### Input data

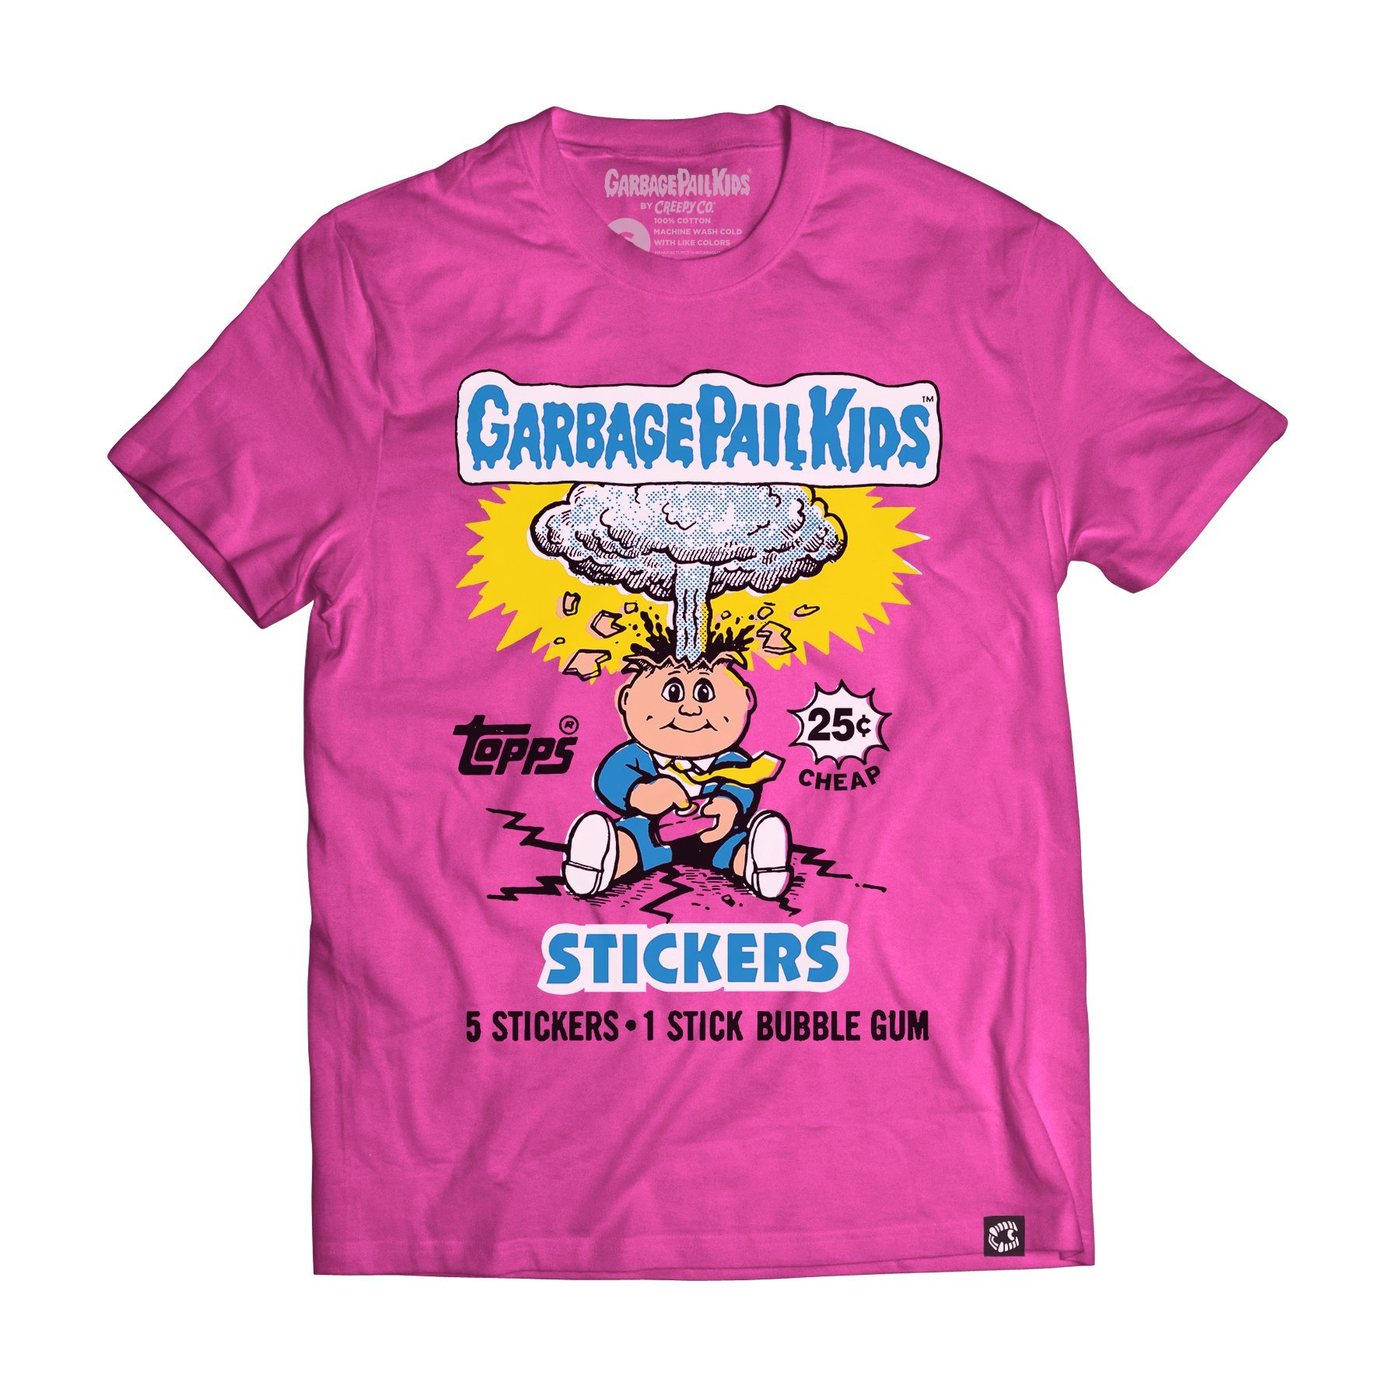 Garbage Pail Kids, Stickers T-shirt, Adam Bomb, Wax Pack Series 1
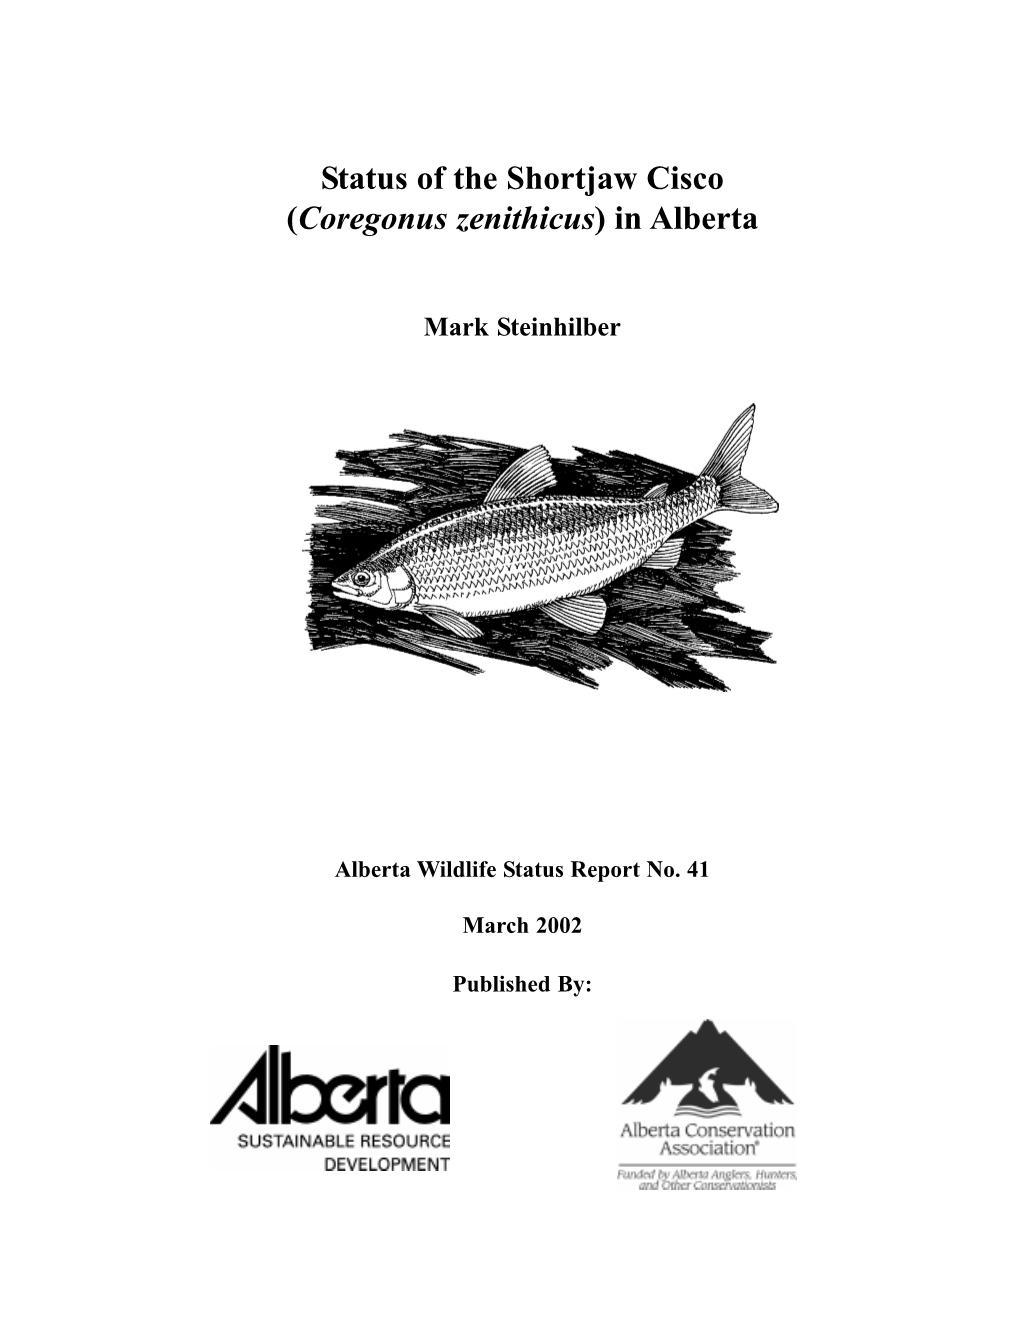 Status of the Shortjaw Cisco (Coregonus Zenithicus) in Alberta
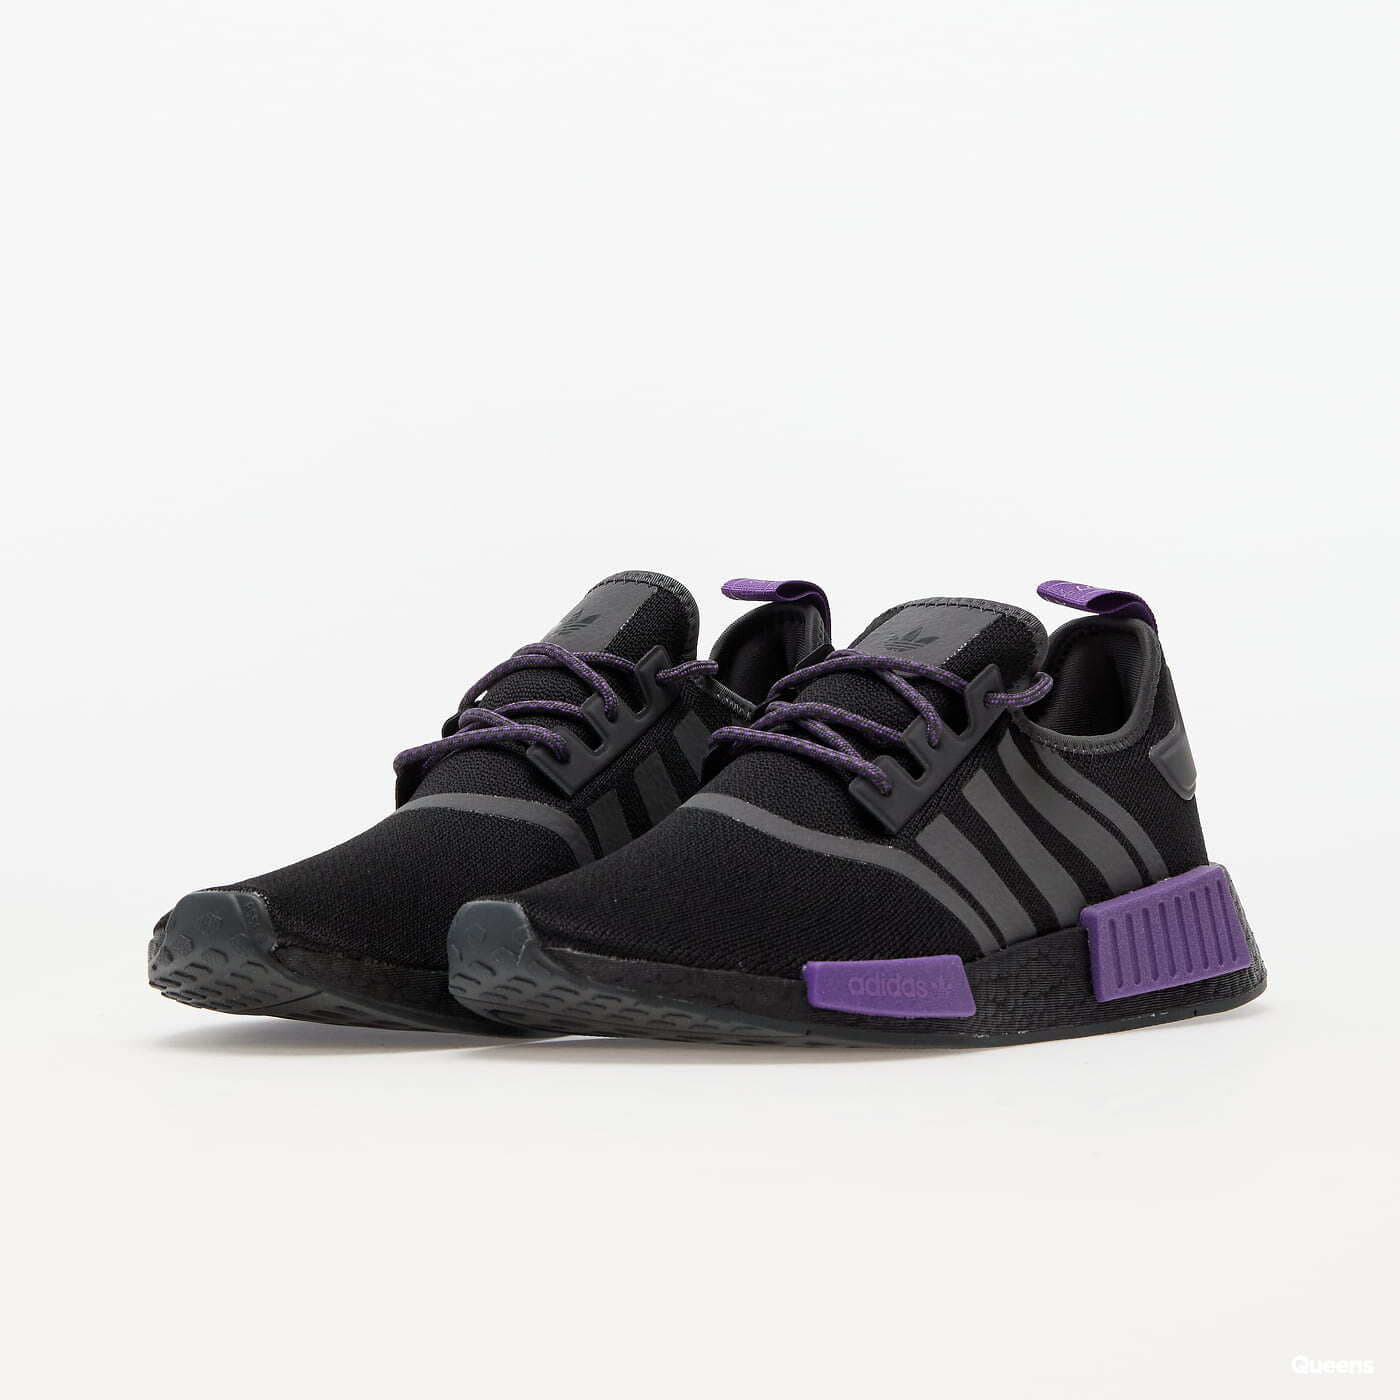 Herensneakers en -schoenen adidas Originals NMD_R1 Core Black/ Grey Five/ Active Purple

### Exercise instructions
Reproduce the material above exactly but drop all images.

### Task solution
 Garbage Pail Kids, Stickers T-shirt, Adam Bomb, Wax Pack Series 1
 Status of the Shortjaw Cisco (Coregonus Zenithicus) in Alberta
 Herensneakers en -schoenen adidas Originals NMD_R1 Core Black/ Grey Five/ Active Purple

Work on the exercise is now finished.